Là-dessus les quatre frères, pour démontrer leurs
savoirs particuliers, se rendirent dans la jungle à la recherche
d'un os. Le hasard voulut qu'ils trouvassent un os de lion. Ils le
prirent sans savoir à quel animal il se rapportait. Le premier
ajouta à l'os la chair appropriée, le second y produisit
la peau et les poils nécessaires, le troisième le compléta
avec tous les membres convenables, le quatrième enfin donna
la vie à cette créature, qui était devenue un
lion. Alors le lion, secouant sa lourde crinière, se dressa
féroce, la gueule menaçante, les dents aiguës,
les griffes cruelles, et il sauta sur ces hommes qui l'avaient créé.
Il les tua tous quatre et, une fois rassasié, rentra dans la
jungle.
Ainsi périrent les quatre brâhmanes pour avoir commis
l'erreur de créer un lion. Qui peut vivre dans le bonheur s'il
a suscité une créature pernicieuse ? Quand le destin
est adverse, une qualification qu'on acquiert, fût-ce à
grand-peine, loin d'être profitable, vous conduit à la
ruine. En règle générale, l'arbre de l'effort
humain ne porte fruit que si les racines en sont saines, si elles
ont été arrosées de l'eau du Savoir et baignées
dans ce bassin qu'est la Sagesse pratique.
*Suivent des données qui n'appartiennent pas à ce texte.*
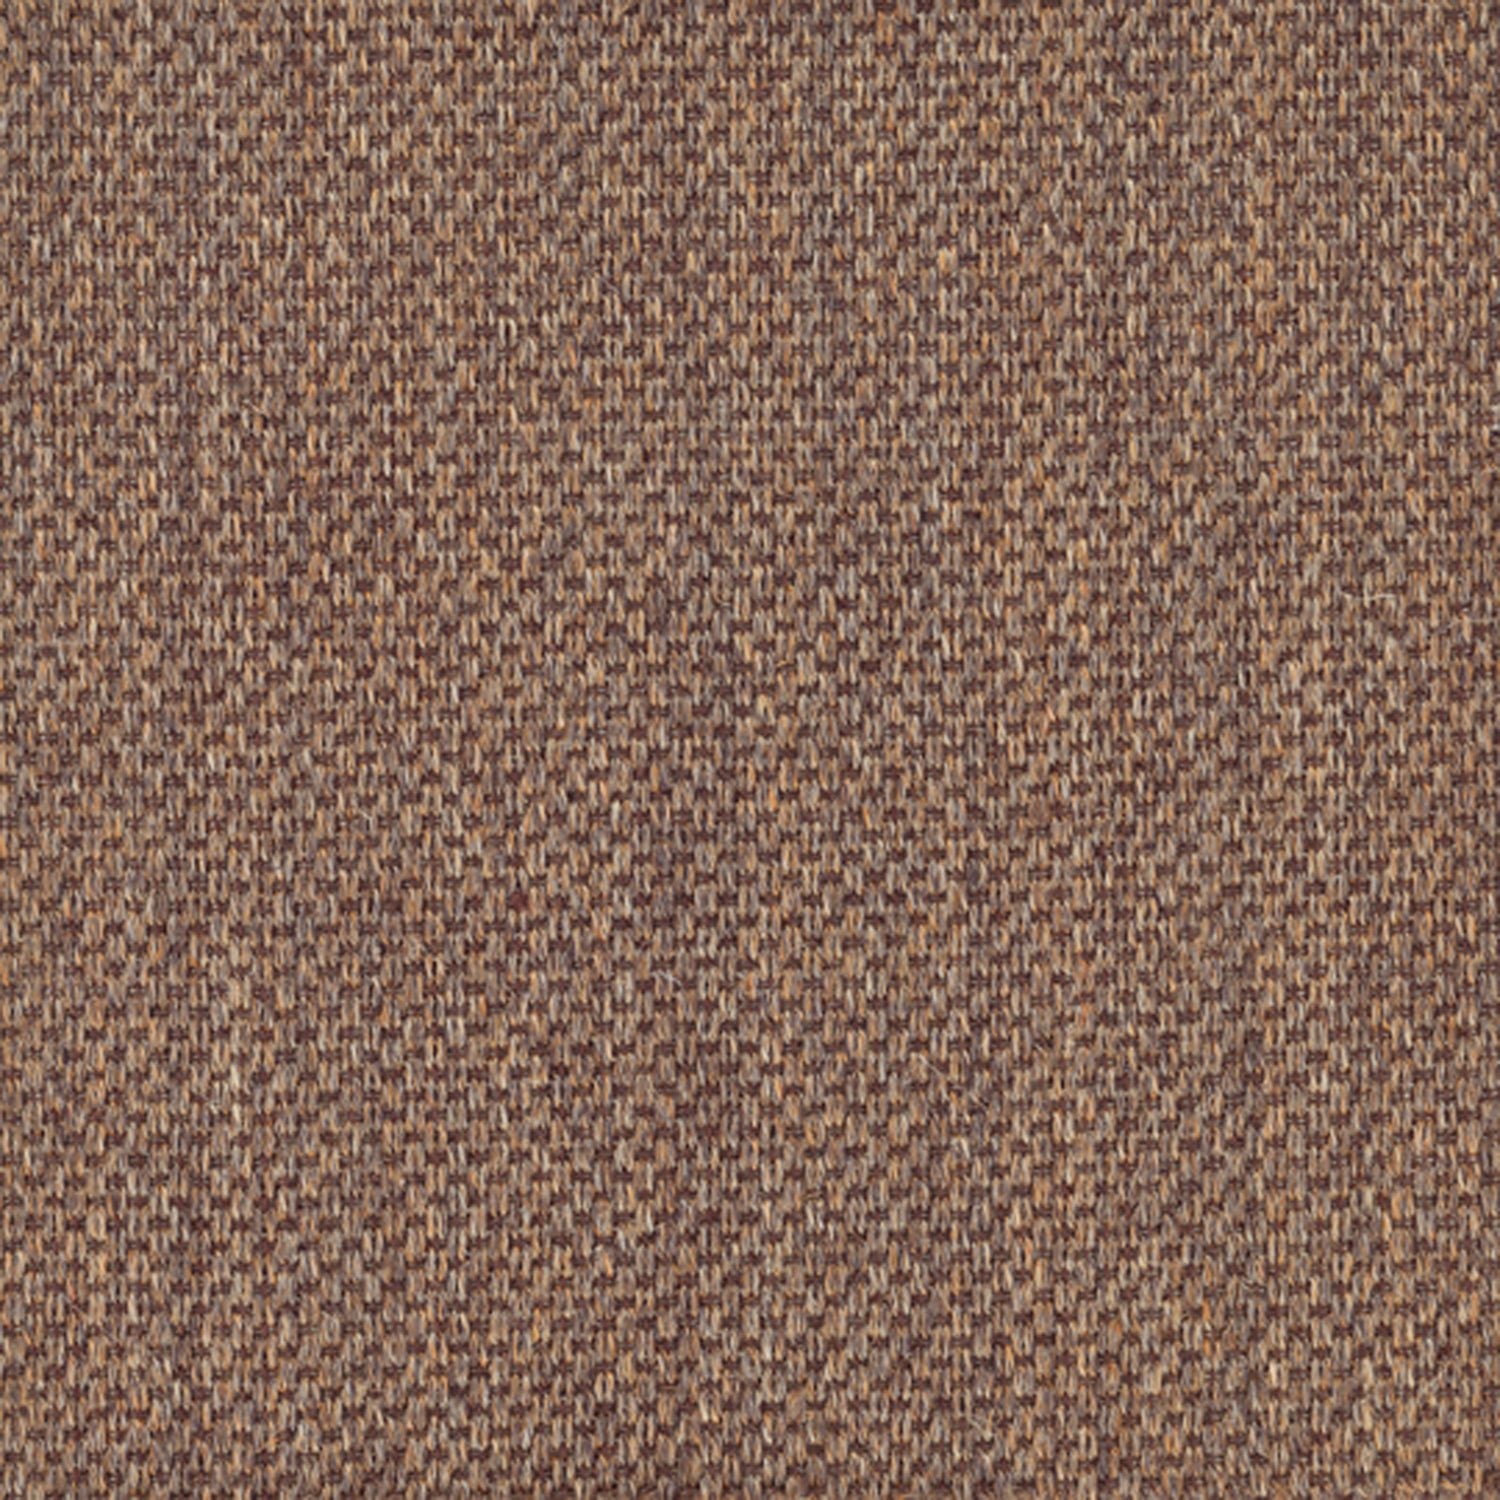 Sisal broadloom carpet swatch in a flat grid weave in "Enduring" sable.

Quand le vampire, perché sur l'épaule du roi, eut
raconté cette histoire le long du chemin, cette nuit-là,
il s'adressa au roi Trivikramasena : « Sire, d'entre ces quatre
brâhmanes, auquel incombe la faute d'avoir créé
le lion qui les a tués ? Donnez-moi un avis déterminé,
car le pacte conclu entre nous deux est toujours valable. »
Le roi entendit ces mots et pensa : le vampire va disparaître
dès que j'aurai rompu le silence, puis, tant pis ! Qu'il parte,
j'irai à sa recherche. Et, ayant ainsi réfléchi
au dedans de lui-même, le roi répondit : « Le responsable
parmi eux, c'est celui qui a donné vie au lion. Les autres
sont innocents, car ils ne savaient pas; ils ignoraient quelle créature
particulière ils fabriquaient en produisant par un Pouvoir
magique chair et peau, poils et membres. Mais celui d'entre eux qui,
observant que la forme ainsi obtenue était celle d'un lion,
lui a donné la vie, par désir de déployer son
savoir-faire, celui-là a fait d'eux quatre des meurtriers de
brâhmane. »
Quand le puissant vampire eut entendu le discours du roi, il quitta
son épaule par l'effet de la magie et s'en revint à
son repaire, où le roi se mit de nouveau à sa poursuite.